When I was a kid growing up in Plano, my parents would bring home Whataburger, always late, after they went out with friends. They’d bring back handfuls of freshly wrapped cheeseburgers and those tall, striped cartons of onion rings. You’d know it was a good Friday night in our house if my brother, my mom, my dad, and I were all curling French fries into ketchup, slicing cheeseburgers down the center, and eating sheaths of fried onion rings together into the wee hours. Because Whataburger has always, always tasted better under moonlight.
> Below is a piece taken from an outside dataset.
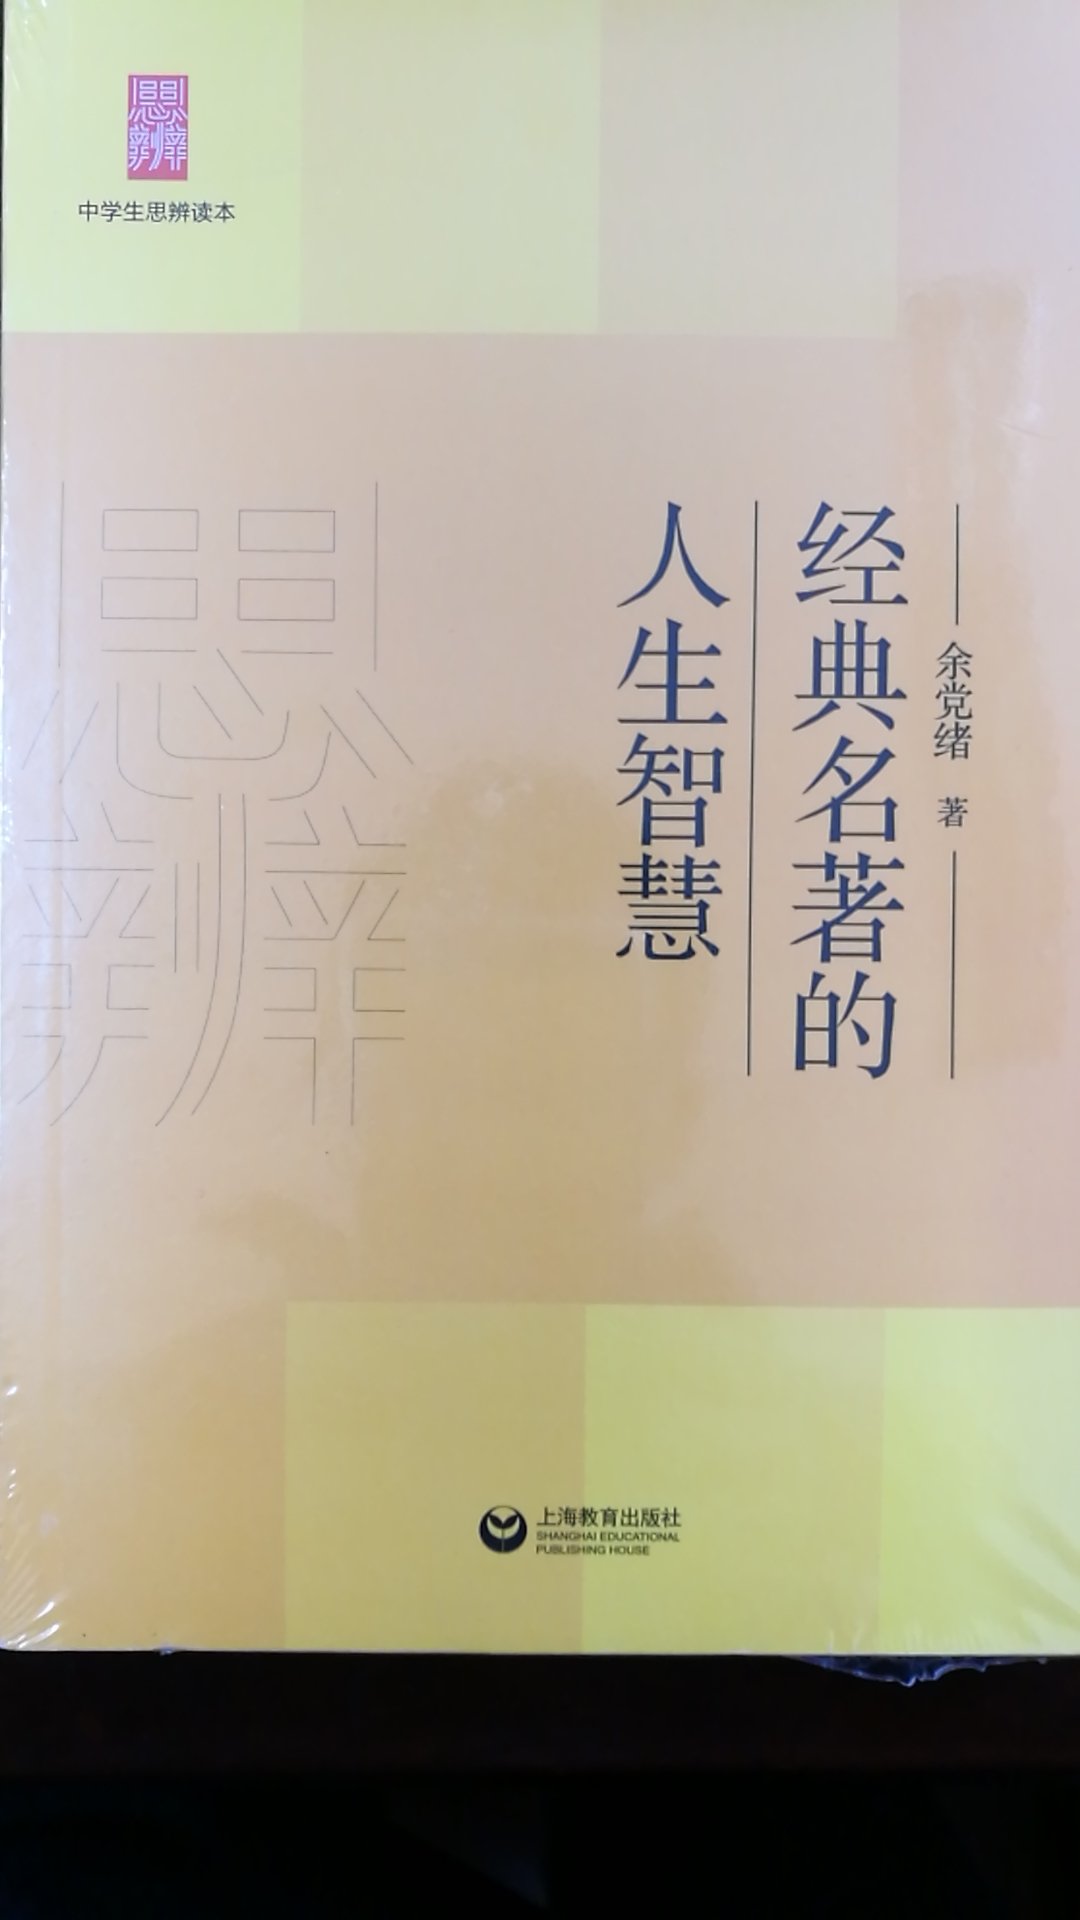 上海老师写的《经典名著的人生智慧》，买来给初中生读，以期提高阅读鉴赏水平。
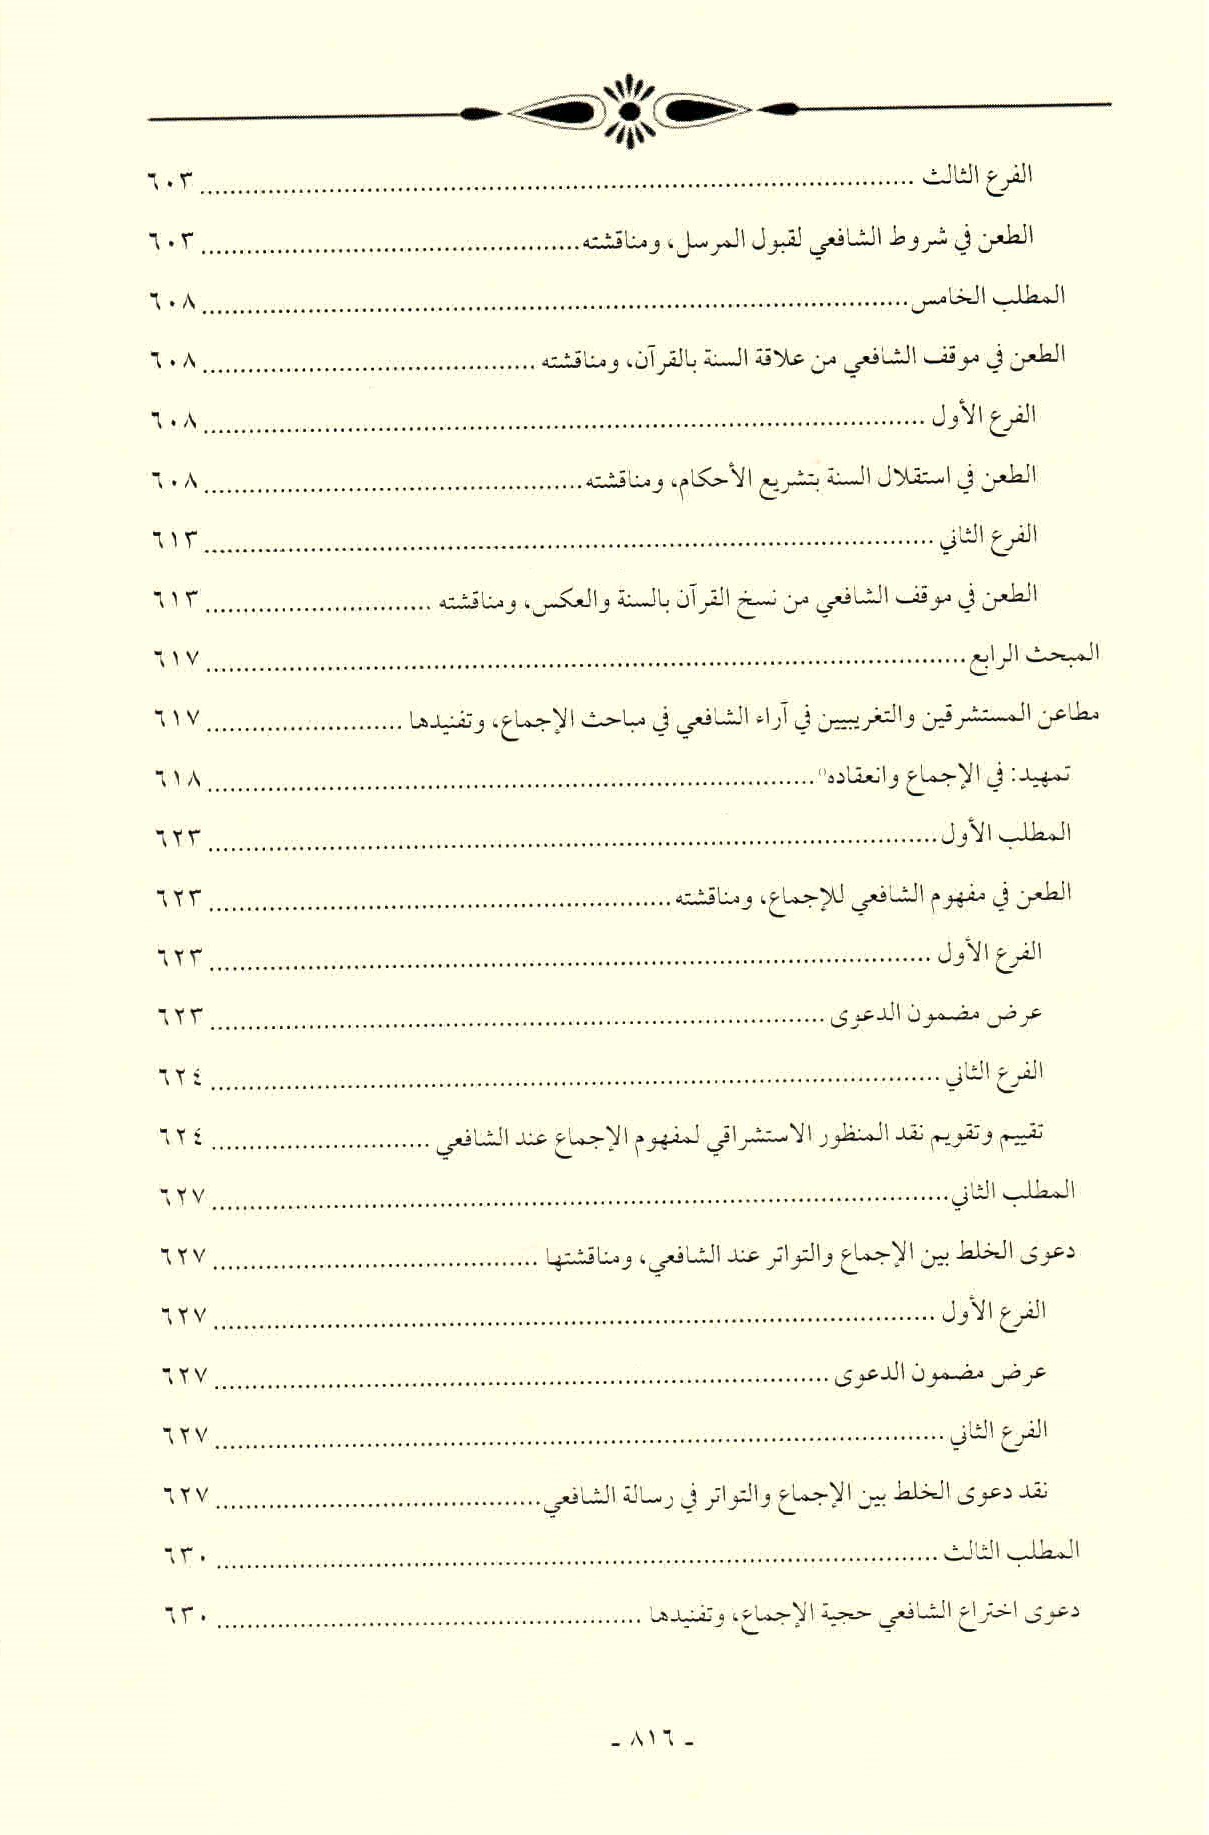 قائمة محتويات كتاب افتراءات المستشرقين والحداثيين على أصول الشريعة وأئمتها للدكتور هاني محمود ص. 816

My mom could never finish her burger, so she’d leave half of one wrapped in plastic wrap in the fridge. I’d swoop by the next day, like a Texas bat, and devour the remaining burger, dipping the corner into a tub of ketchup. I used to eat Whataburger before -- and after --football games.

One of the reasons why late-night food can be so delicious is that it comes with an abandonment: You toss off the shackles of good sense and calorie-counting and give in to the urge. A great late-night dish can solidify itself in your mind. In other words, late-night foods become a memory. The taste of Whataburger always sends a wave of memories rushing through my body.

Whataburger
Whataburger

Who knows how many unnecessary, unhealthy, aorta-clogging meat patties have passed through my bloodstream, long past the hour of night that I should have been eating? Should I regret it? Maybe I would if Whataburger’s taquitos weren’t so fondly bonded in my head with sneaking pre-21 beers with friends. Maybe I’d regret it more if those late, hangover-curing conversations with my family weren’t so strong of a memory. I don’t care how bad for me it was to eat Whataburger -- when my mom called the house to ask me what I wanted from drive-through at one in the morning, I always got a beam of excitement.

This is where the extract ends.